Jigawa State—created out of the old Kano State in August 1991—is one of the 36 states in Federal Republic of Nigeria. The agitation for the creation of the state was led by Malam Inuwa-Dutse, a former commissioner in the Ministry of Agriculture and Natural Resources during the governorship of late Audu Bako, the governor of old Kano State (comprising present Kano and Jigawa states). By the 1999 Constitution of Federal Republic of Nigeria, the state comprises 27 local government councils, which are divided into 30 state constituencies, grouped into 11 federal constituencies and 3 senatorial districts. These 27 local government councils were further subdivided into 77 development areas by law No. 5 of 2004 of the State House of Assembly. In line with the democratic setting in the country, the governments at both the state and local government levels are elected, and comprise an executive with a unicameral legislature.

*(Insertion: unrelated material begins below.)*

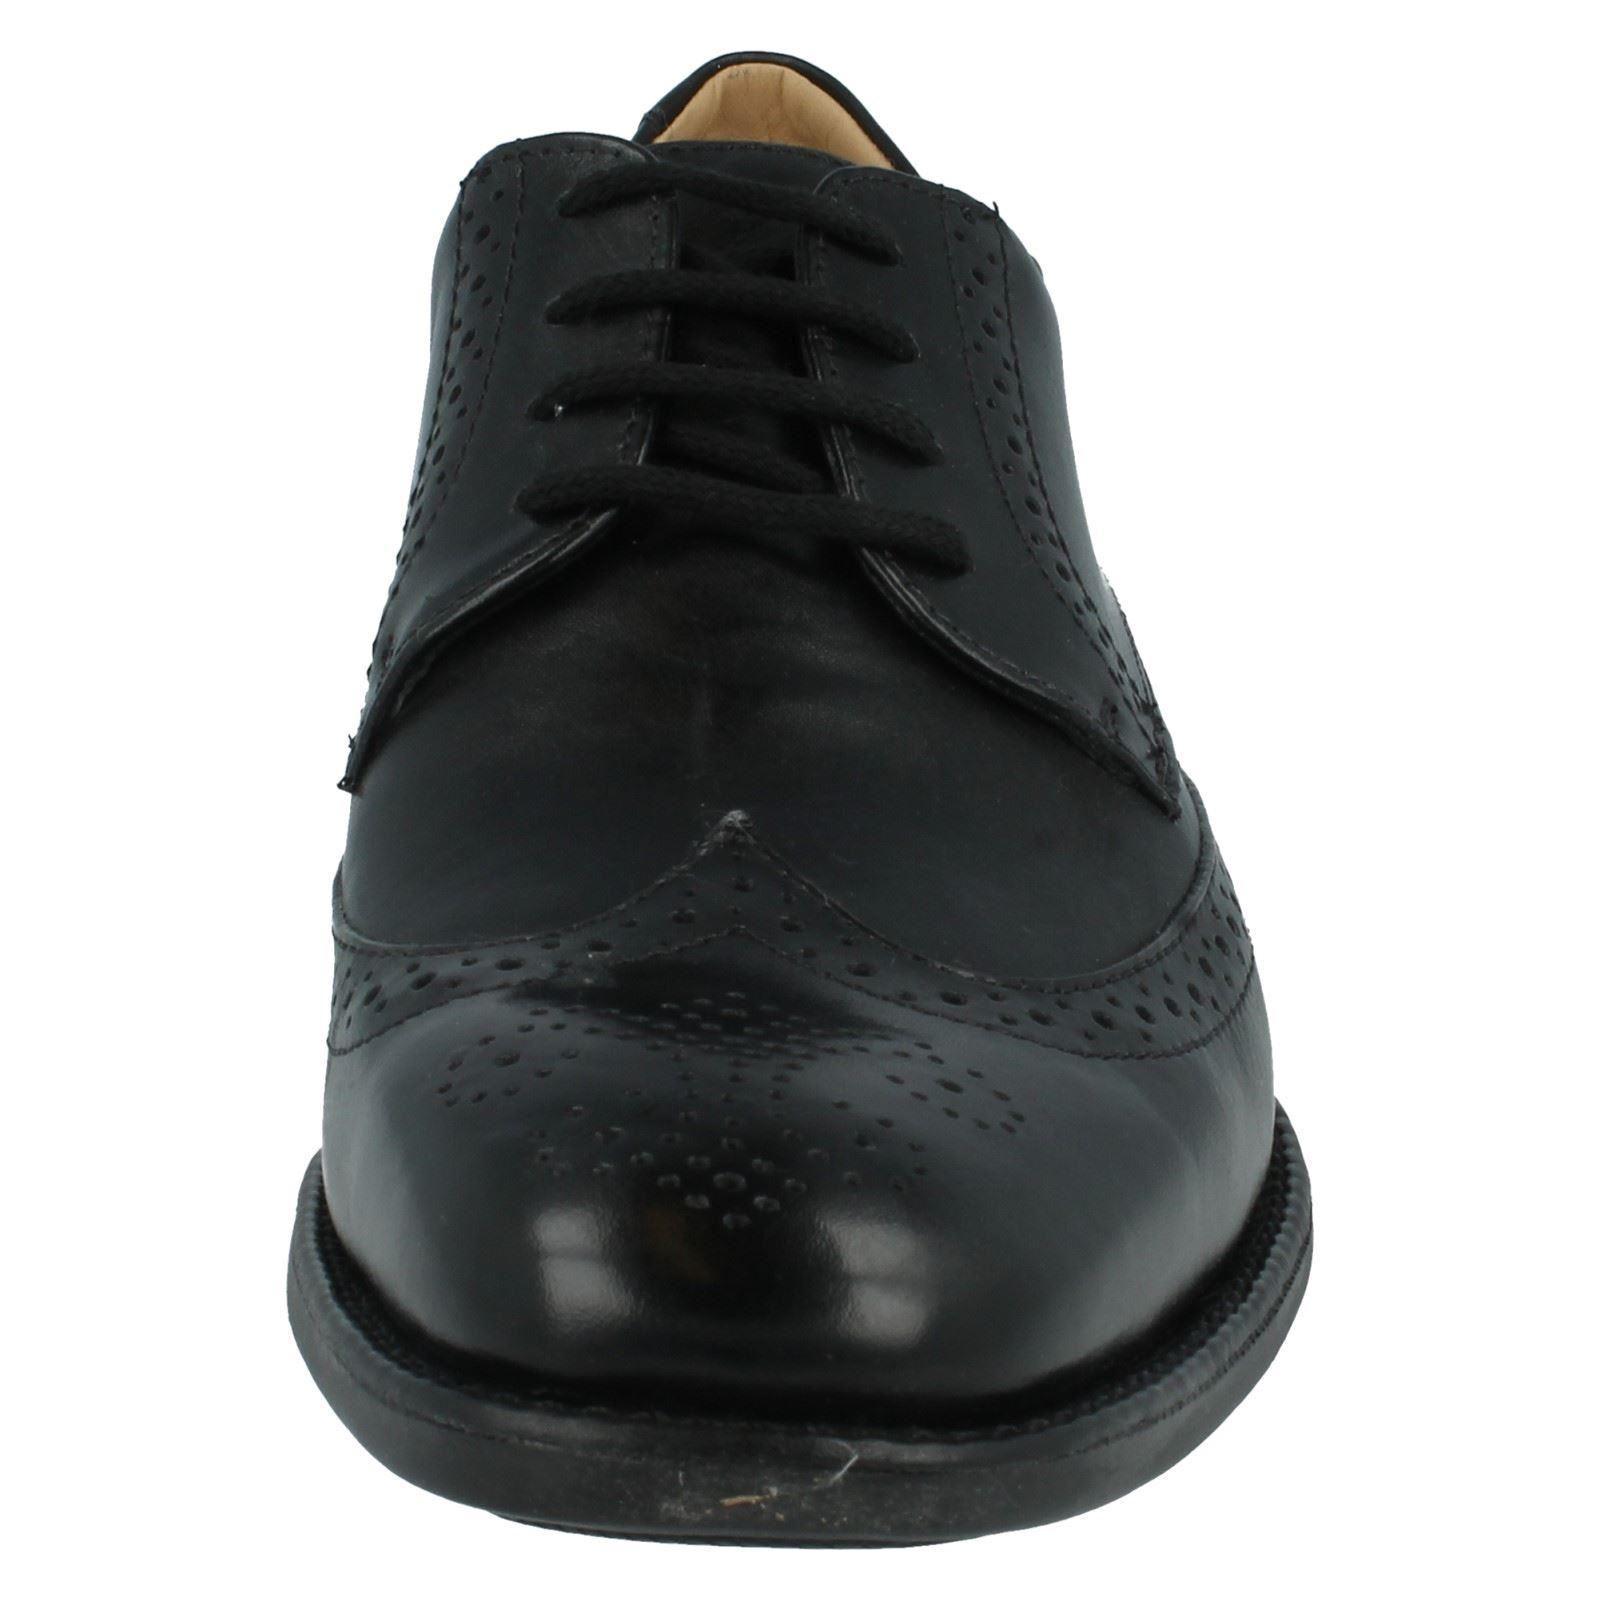 Uomo Anatomic & Co Scarpe brogue - mococa 929267 Scarpe classiche da uomo

The state legislature has 30 elected members each representing one of the state constituencies. To complete the state governance structure, there is an independent state judiciary as the third arm of government.

The State Government administrative apparatus is organized into ministries, extra-ministerial departments and parastatals, which are located across the three senatorial districts in the state since 1999. This decentralized approach to governmental administrative structure was seen as a move towards stimulating economic activities socio-economic development and empowerment over a wider area since government is the largest employer, perhaps second only to agriculture. In addition, this was also seen as a way for spreading even development among major urban centers and a shift from "city-state syndrome" that obtained in the old Kano State.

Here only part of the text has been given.